For a function \(f:\varSigma \rightarrow \varSigma '\) the functional update \([f]:\mathsf {Pred}(\varSigma ')\rightarrow \mathsf {Pred}(\varSigma )\) is defined as \([\lambda \sigma ,\sigma ':\sigma '=f(\sigma )]\) and we have

$$ [f](q) = \{\sigma \ | \ f(\sigma ) \in q \} = f^{-1}(q) $$

Functional predicate transformers are of the form \(\{p\}\circ [f]\), and relational predicate transformers are of the form \(\{p\}\circ [r]\), where p is a predicate, f is a function, and r is a relation. Atomic predicate transformers are either functional or relational transformers. \(\mathsf {Div}\) is a functional predicate transformer which can also be written as \(\mathsf {Div} = \{\lambda x,y: y \not = 0\}\circ [\lambda x,y : \frac{x}{y}].\)

For assert and update transformers based on Boolean expressions we introduce a simplified notation that avoids lambda abstractions. If P is a Boolean expression on some variables \(x_1,\ldots ,x_n\), then \(\{x_1,\ldots ,x_n:P\}\) denotes the assert transformer \(\{\lambda x_1,\ldots ,x_n:P\}\). Similarly if R is a Boolean expression on variables \(x_1,\ldots ,x_n,y_1,\ldots ,y_k\) and F is a tuple of expressions on variables \(x_1,\ldots ,x_n\), then \([x_1,\ldots ,x_n\leadsto y_1,\ldots ,y_k:R]\) and \([x_1,\ldots ,x_n\leadsto F]\) are notations for \([\lambda (x_1,\ldots ,x_n), (y_1,\ldots ,y_k):R]\) and \([\lambda x_1,\ldots ,x_n : F]\), respectively. With these notations the \(\mathsf {Div}\) transformer becomes:

$$ \mathsf {Div} = \{x,y: y \not = 0\}\circ [x,y \leadsto \frac{x}{y}] $$

Other basic Simulink blocks include constants, delays, and integrators. Let us see how to give semantics to these blocks in terms of MPTs. A constant block parameterized by constant c has no input, and a single output equal to c.
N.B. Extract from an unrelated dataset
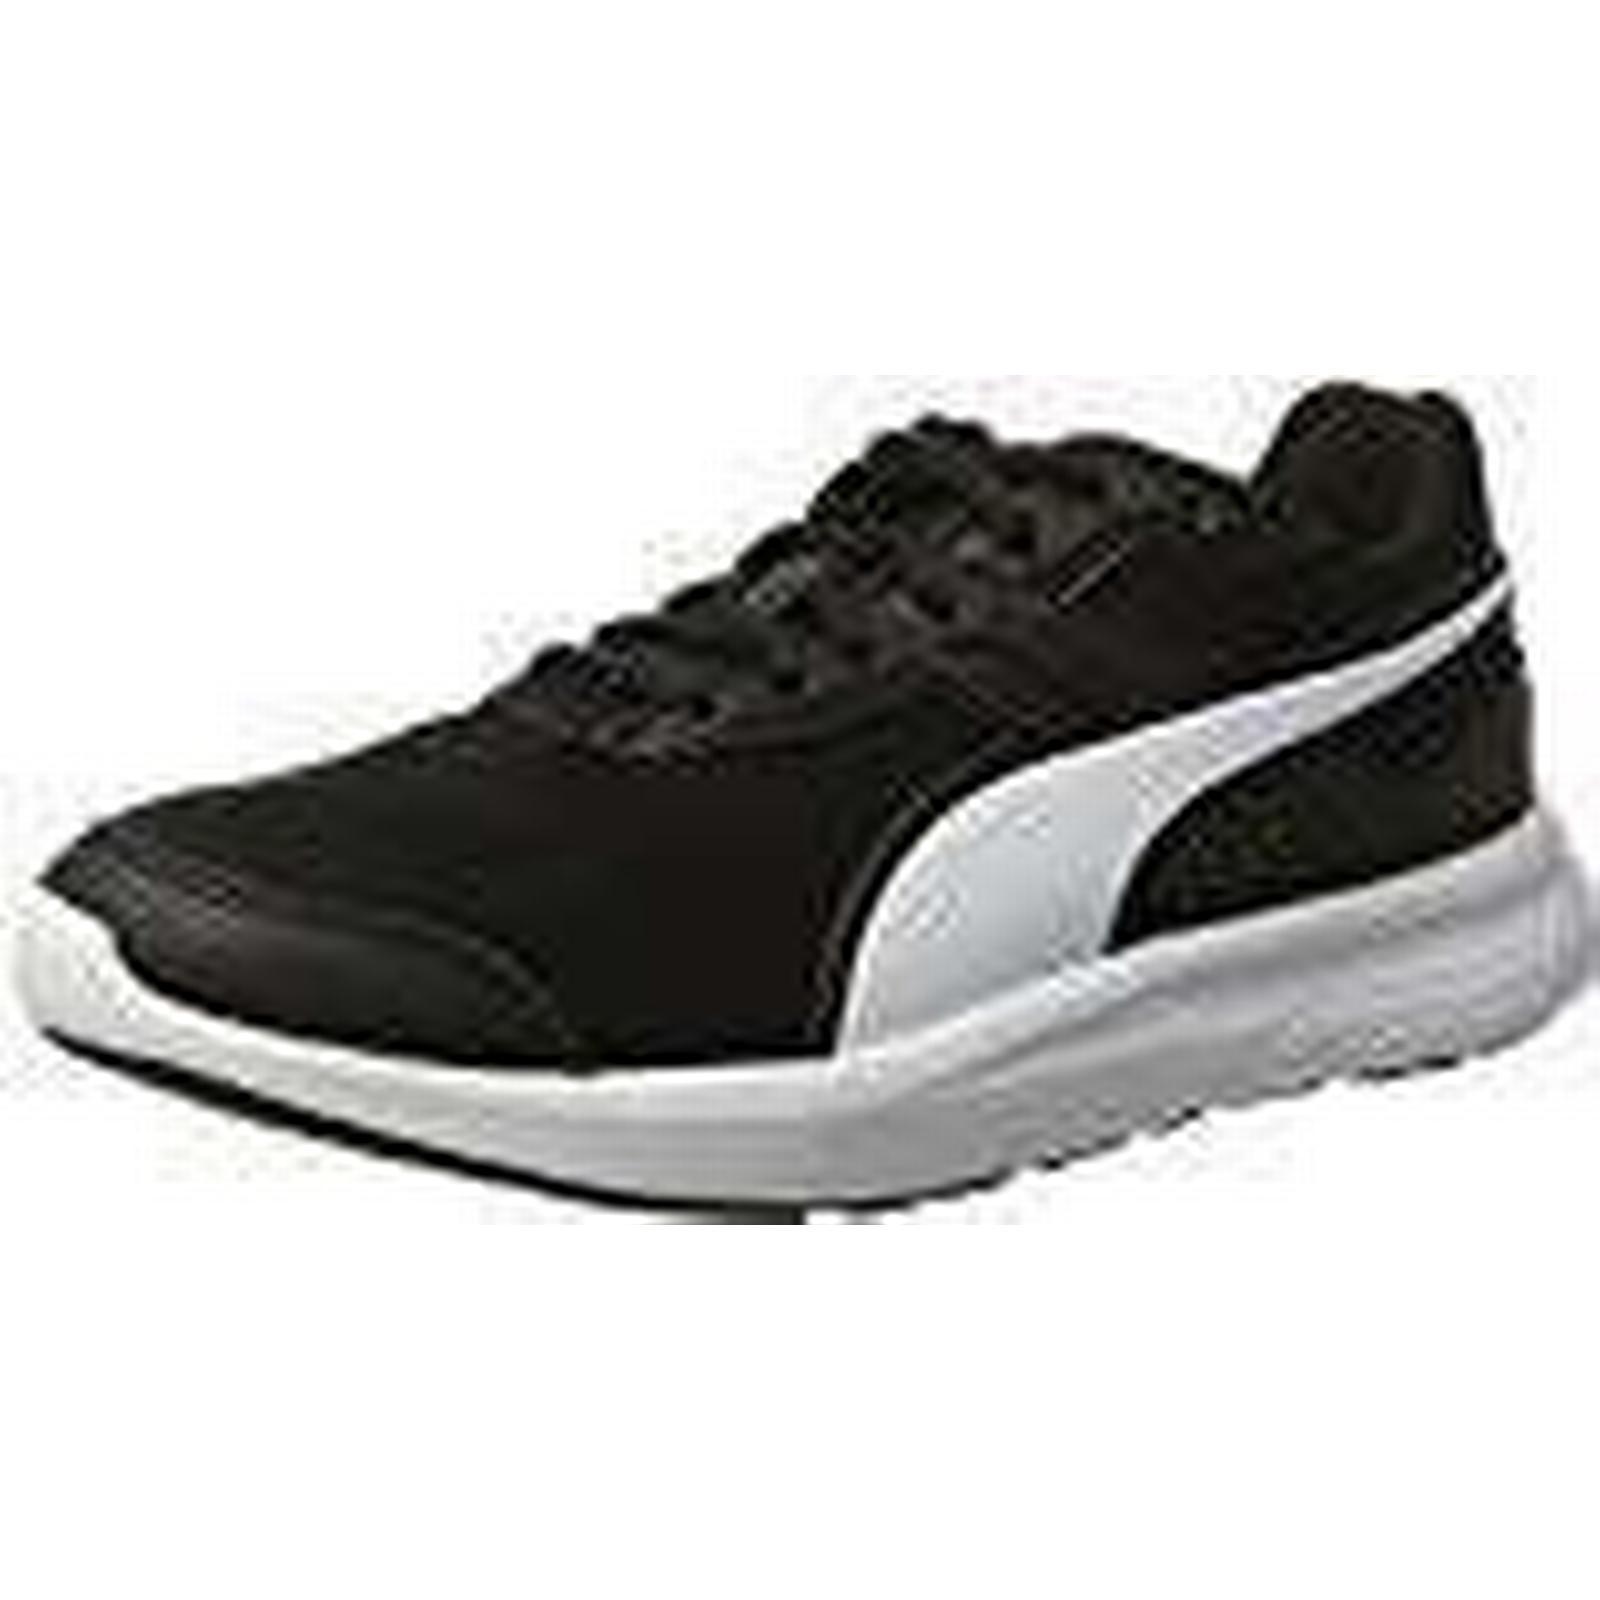 Puma Unisex Adults' Black Escaper Mesh Low-Top Sneakers, Black Adults' White, 3.5 UK 3.5 UK 7a49d8

As a predicate transformer the constant block has as input the empty tuple (), and outputs the constant c:

$$ \mathsf {Const}(c) = [()\leadsto c] $$

The unit delay block is modeled as the atomic predicate transformer

$$ \mathsf {UnitDelay} = [x,s\leadsto s,x] $$

Simulink includes continuous-time blocks such as the integrator, which computes the integral \(\int _0^x f\) of a function f. Simulink uses different integration methods to simulate this block. We use the Euler method with fixed time step \( \varDelta t \) (a parameter). If x is the input, y the output, and s the state variable of the integrator, then \(y=s\) and \(s'=s+x\cdot \varDelta t \). Therefore, the integrator can be modeled as the MPT

$$ \mathsf {Integrator}( \varDelta t ) = [x,s\leadsto s, s + x\cdot \varDelta t ] $$

All other Simulink basic blocks fall within these cases discussed above. Relation (1) introduces the definitions of some blocks that we use in our examples.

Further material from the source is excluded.